If substrate is purely dielectric electrostatic solvers may do the job and give pretty accurate results that match those obtained from full EM solvers. Cross-sectional dimensions are small relative to wavelength (say, width 500 microns and highest frequency 500 MHz for PCB or width 50 microns and highest frequency 10 GHz for RF chip) so application of static and quasi-static solvers is fairly justified. So I hoped to check the accuracy of FEMM comparing results with my favorite electrostatic solver.
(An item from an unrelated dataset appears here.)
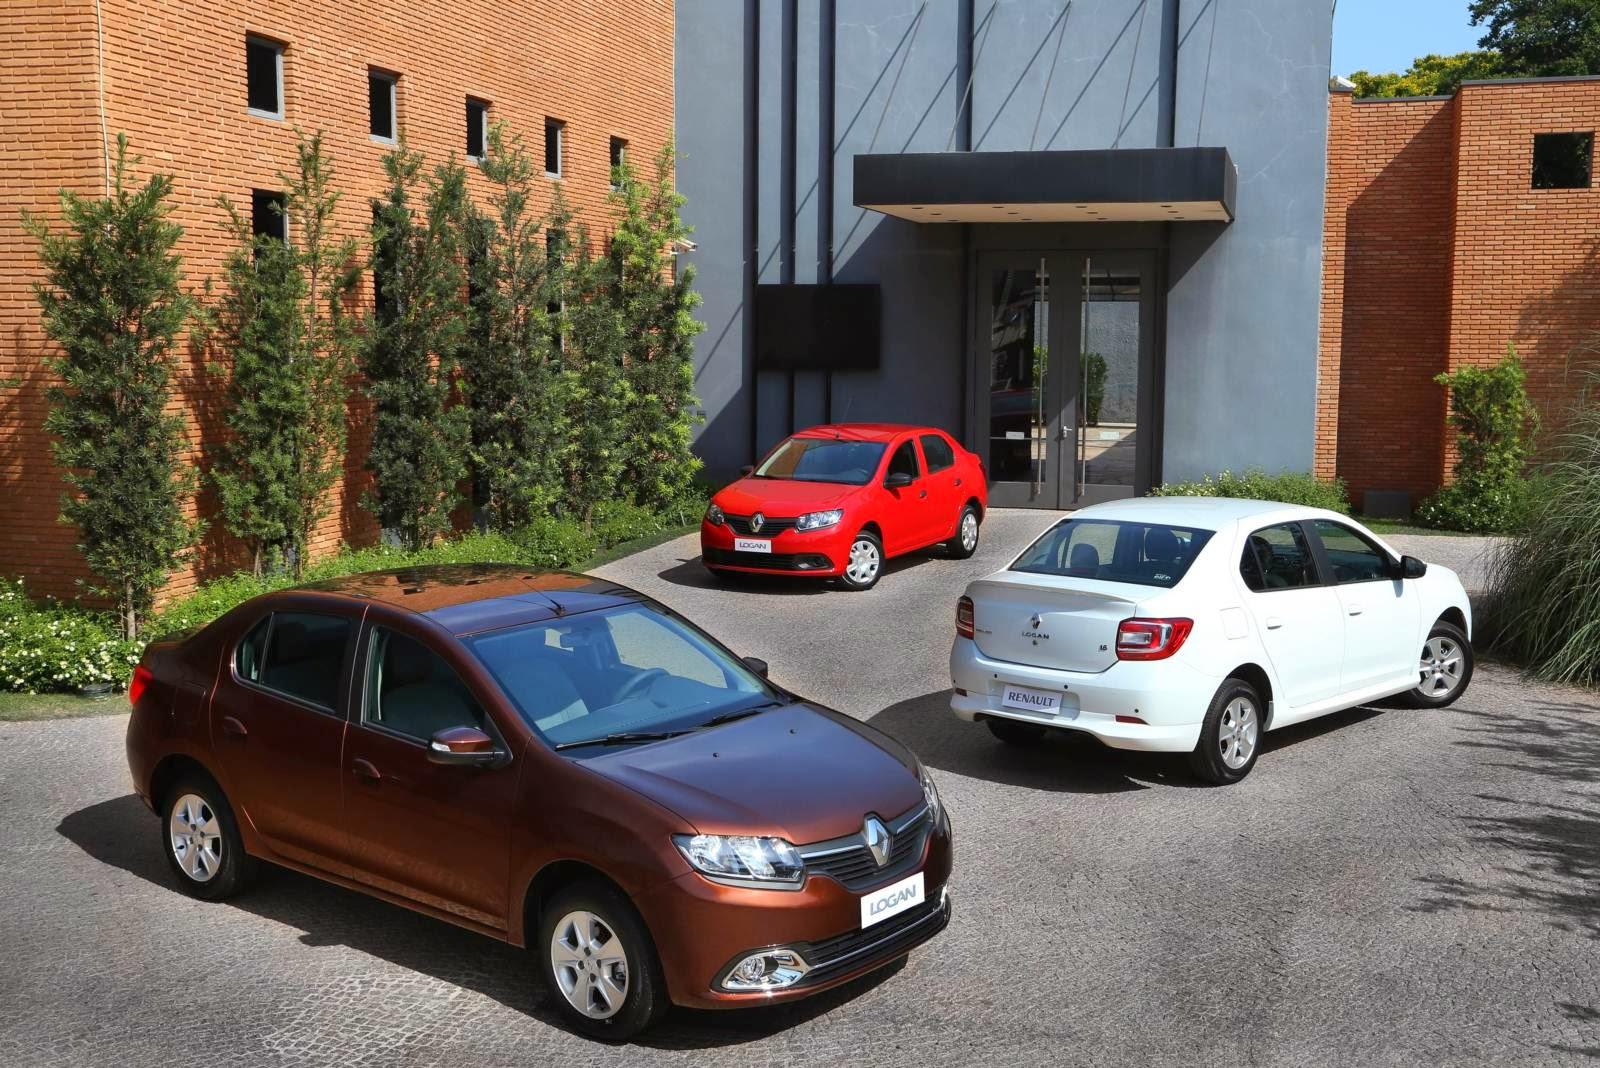 Novo Renault Logan 2014  Fotos  Consumo E Pre U00e7os

Unfortunately, results for coupled lines are out of whack :-(( could be that I'm doing something wrong...
I attached two files. First file describes single line, second file describes two edge coupled lines.
In both cases perfectly conducting infinite ground plane backs the single layer substrate. Substrate material is named Silicon but actually it is air (sigma=0, mu=1). For single line I applied circuit current (I = 1A) to the conducting strip and enclosed the structure in a circle that models open space. Boundary condition A=0 is applied to the bottom of substrate. So structure is very simple (W=50 microns, T=5 microns where W stands for strip width, T is the strip thickness).
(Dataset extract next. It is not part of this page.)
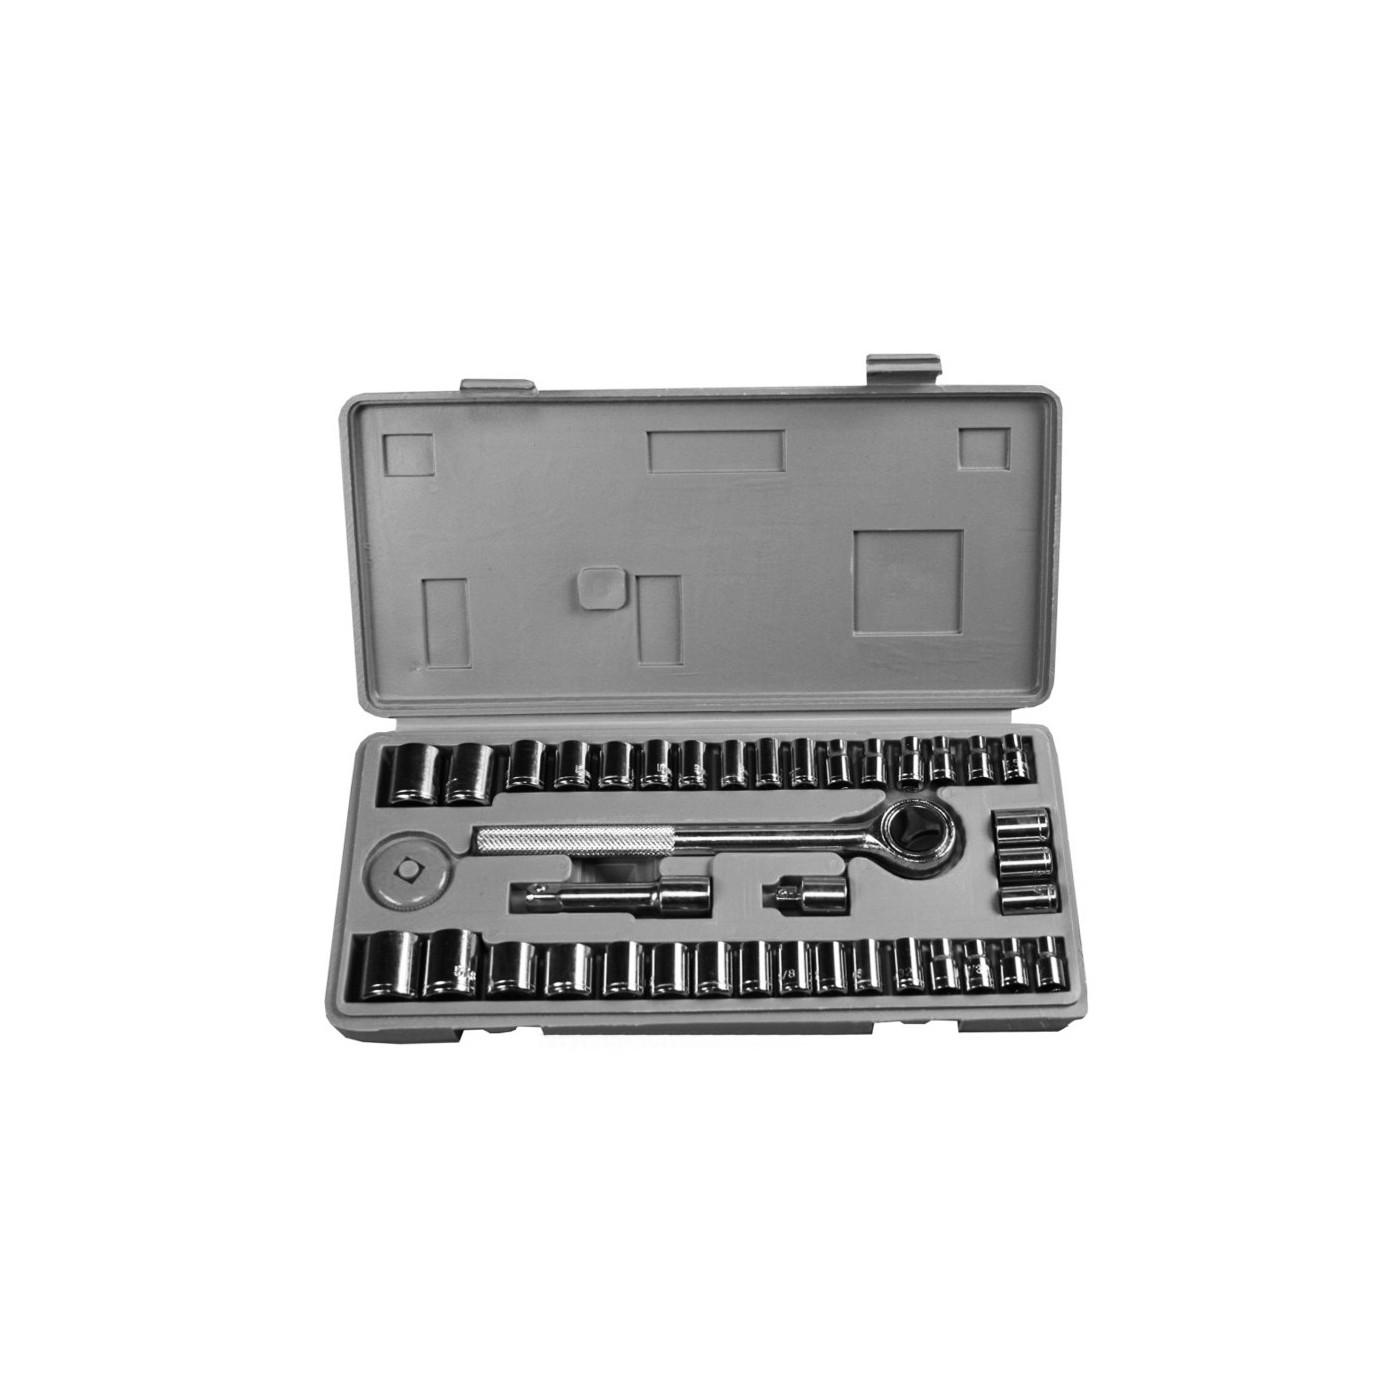 Zestaw kluczy nasadowych w pudełku do przechowywania (40 sztuk)  - 1

For the Single_Line structure my electrostatic solver gives p.u.l. L=536 nH/m.
Remember this solver implies that L is frequency independent.
Now go FEMM results (post-processed L=\int{A*J}/I^2 over the strip cross-section and rounded to 1 nH/m)
F L, nH/m
0 Hz 560
1 MHz 560
100 MHz 557
1 GHz 540
Not bad, at least in the ballpark.
Again, you might try the Kelvin Transformation approach to exactly obtain the perfectly conducting half-space ground plane. I modified the "Silicon" definition so that the conductivity was exactly zero--just makes things easier to debug so that there are no induced currents in the "Silicon"..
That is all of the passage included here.